All the rave reviews it gets are completely deserved. It found my wi-fi connection instantly and never drops it. This means that, unlike the fading Android tablet, I can actually stream music and movies to the Fire.

The screen is also bigger, and when I play Ticket to Ride, it doesn't crash.

It comes with Alexa, which I was sold on when visiting with friends and hearing them ask Alexa various questions -- and then tell her to play whatever kind of music they wanted.

Because I've been an Amazon Prime subscriber since it first came into existence, this means that much of the library of music on Amazon is available. I can lie in bed and, without getting up, tell Alexa what I want to hear.

However, Alexa is not smart enough to know about whatever I played using touch commands. That is, if I play a particular album by tapping the screen, then I can't tell Alexa to pause the music, because I just get the answer that she can only perform such operations when there's music playing.

Yeah, that's right, if she isn't playing the music, then she can't hear it. That's a small drawback. Trivial.

Not so trivial is the problem that the Fire 10 HD lives up to the tradition of all of Amazon's Kindle devices: The battery lasts, like, forever.

But to have a battery that doesn't need charging for days, you have to devote a lot of space and weight to the batteries built into the machine.

My habit with my Android tablet has been to use it to read Kindle ebooks while lying on my back in bed. Using the cool swiveling handle that is built into its cover, I can hold it up at a comfortable position for reading.

But the covers I've seen for the Fire 10 HD do not have that grippable, sturdy swiveling handle.

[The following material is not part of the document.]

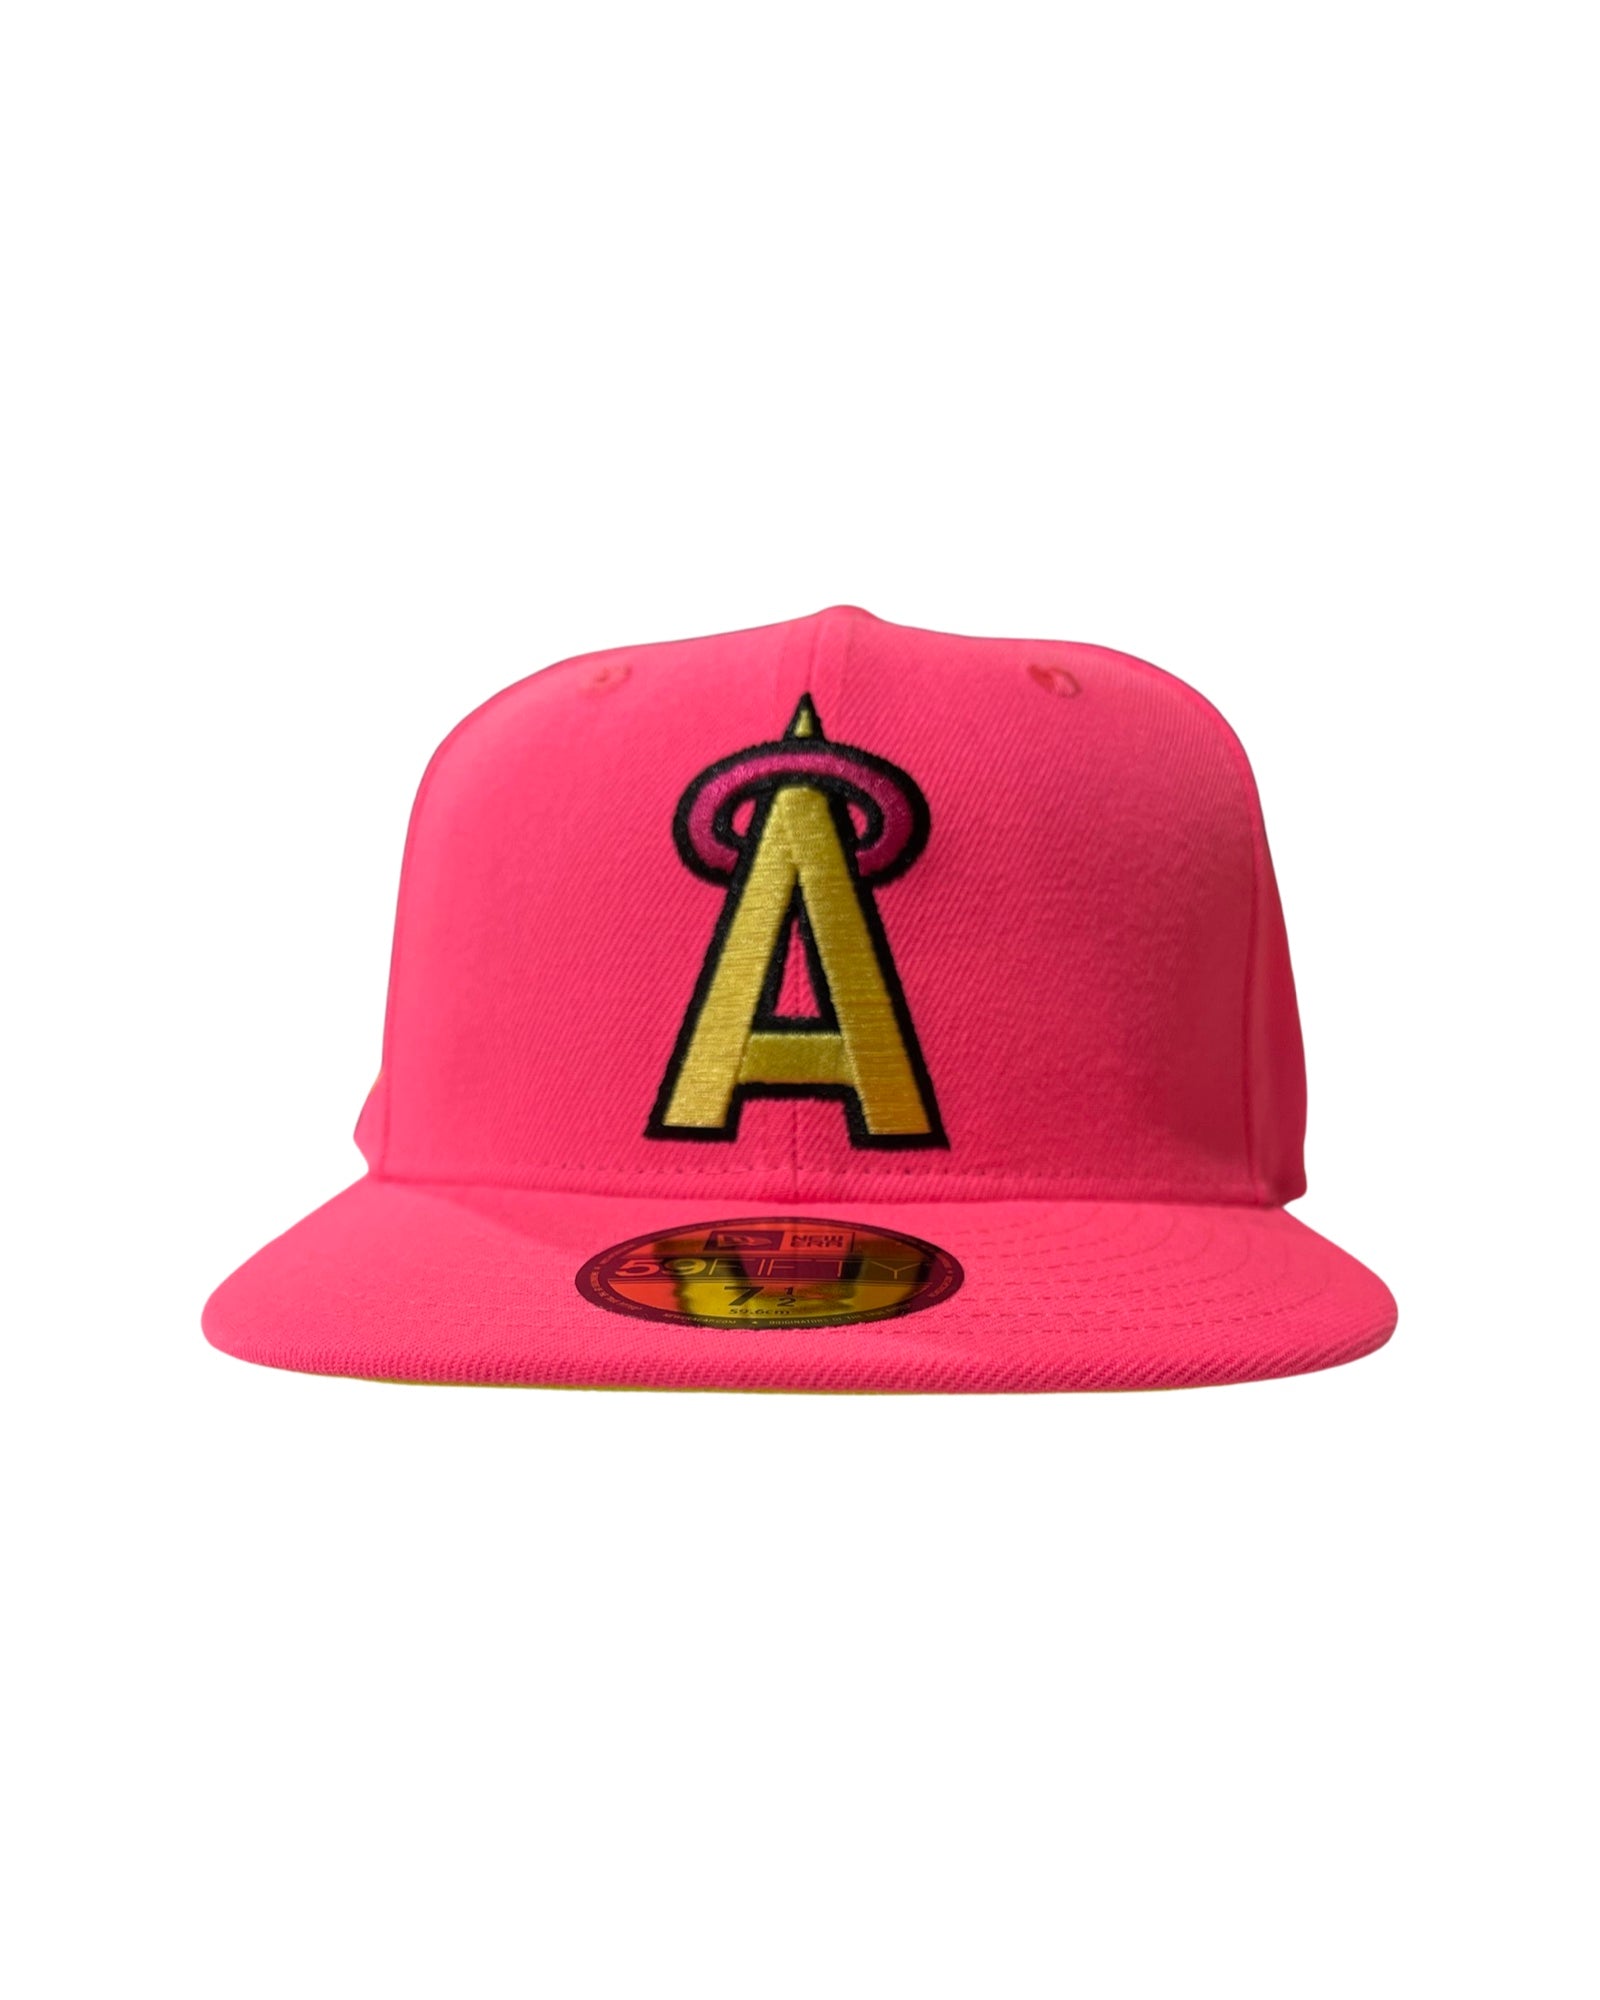 New Era 59Fifty Boston Red Sox Fitted Hat Size 8 Pink Rare

Instead, the covers are all designed to be used on a table, so that they prop up the Fire for use on that flat surface.

Nobody in their right mind would call my stomach a "flat surface," and when I do rest the Fire on my stomach in order to read, it's (a) heavy and (b) way too low for me to see it without raising my head uncomfortably high.

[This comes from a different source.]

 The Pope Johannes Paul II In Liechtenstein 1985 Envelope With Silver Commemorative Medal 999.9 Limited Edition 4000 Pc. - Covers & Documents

If I try to hold it up, my grip is always uncomfortable and tenuous -- and the Fire quickly gets too heavy.

So until I find a sturdy, swiveling handle for the Fire, it's now sitting on a shelf near my bed, poised to hear my commands to Alexa -- usually, right now, to play Christmas or classical music while I lie in bed using the old Android tablet to read ebooks or play games.

But now I don't care if my tablet can sync with my Fitbit Ionic, because the Fire does it instantly and reliably. Nor does it matter that my tablet can't stream anything without intermittent fails, because, you guessed it, I have the Fire right there.

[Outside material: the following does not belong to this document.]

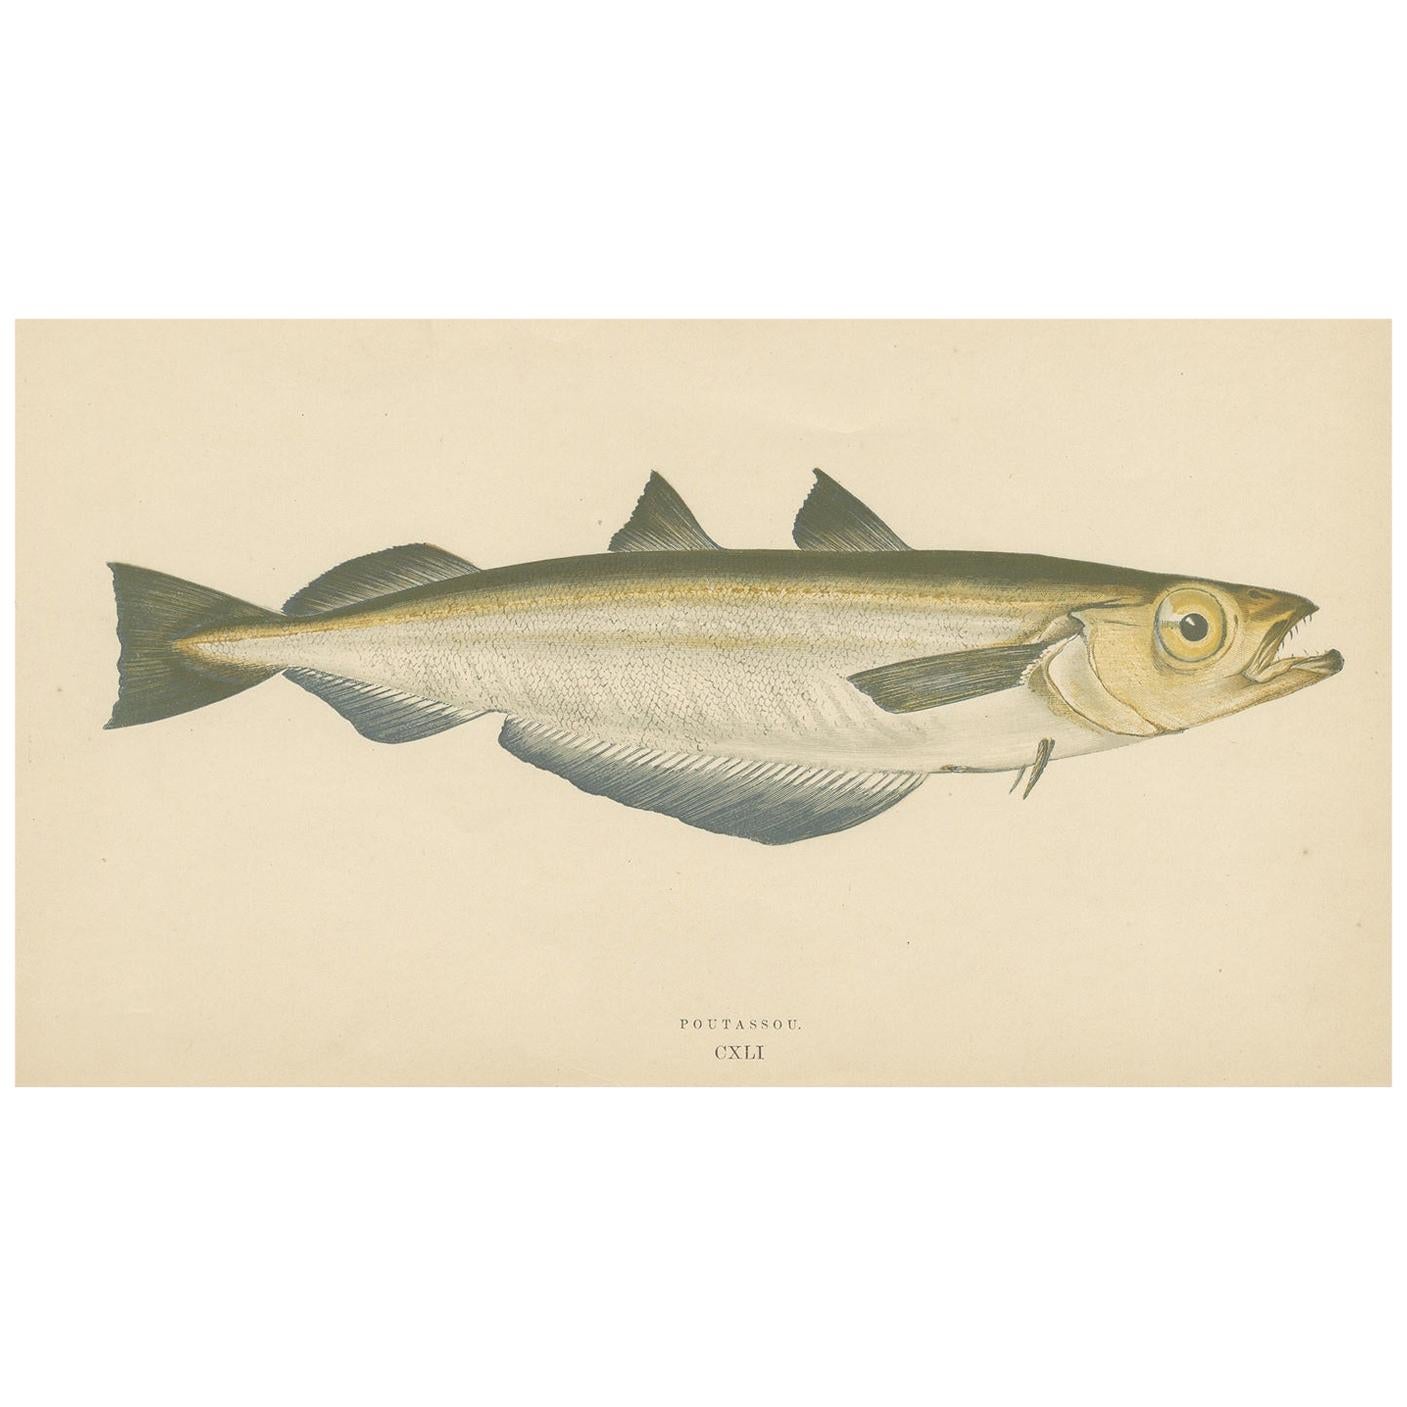 Antique Print of the Blue Whiting Fish by J. Couch, circa 1870

My review of the Fire is this: If you want a relatively inexpensive tablet for use on tables or other flat surfaces, the Kindle Fire 10 HD will give you everything you want, reliably and effectively, for a long time between recharges -- plus, it has Alexa.

But if you want a highly portable, lightweight mini-tablet to hold in your hand without fatigue, the Fire ain't it. Too heavy. Too awkward. (Which is exactly how I've always felt about the original iPad, with its laptop-sized form factor.)

There's a reason why Amazon has become America's department store: They generally deliver quality and convenience -- like the Fire 10 HD.

They're not perfect, however, and their monopolist business practices have the normal deleterious effects. Without much competitive pressure, they've gotten careless.

Recently we've received Amazon packages in which a paperback book was just tossed in among a bunch of other stuff, with the unsurprising result that the book was beaten up in transit, so the cover and many pages are bent or torn.

By contrast, we just opened a couple of boxes from a catalog company called Chinaberry. It's an eclectic kind of store -- lots of toys, but also a bunch of children's books -- but when we examined everything, it all measured up in terms of quality.

Best of all, Chinaberry learned what Amazon has forgotten: You haven't delivered the goods if they aren't adequately protected from damage during shipping. The books we ordered were carefully wrapped in heavy paper, so that there was no damage to the covers or pages.

Of course, nobody's perfect. A couple of felt novelties were just tossed into the box, and so some felt reindeer antlers got folded. Ouch.

But hey, Chinaberry.com is now going to be a regular resource for us at Christmastime. Check it out!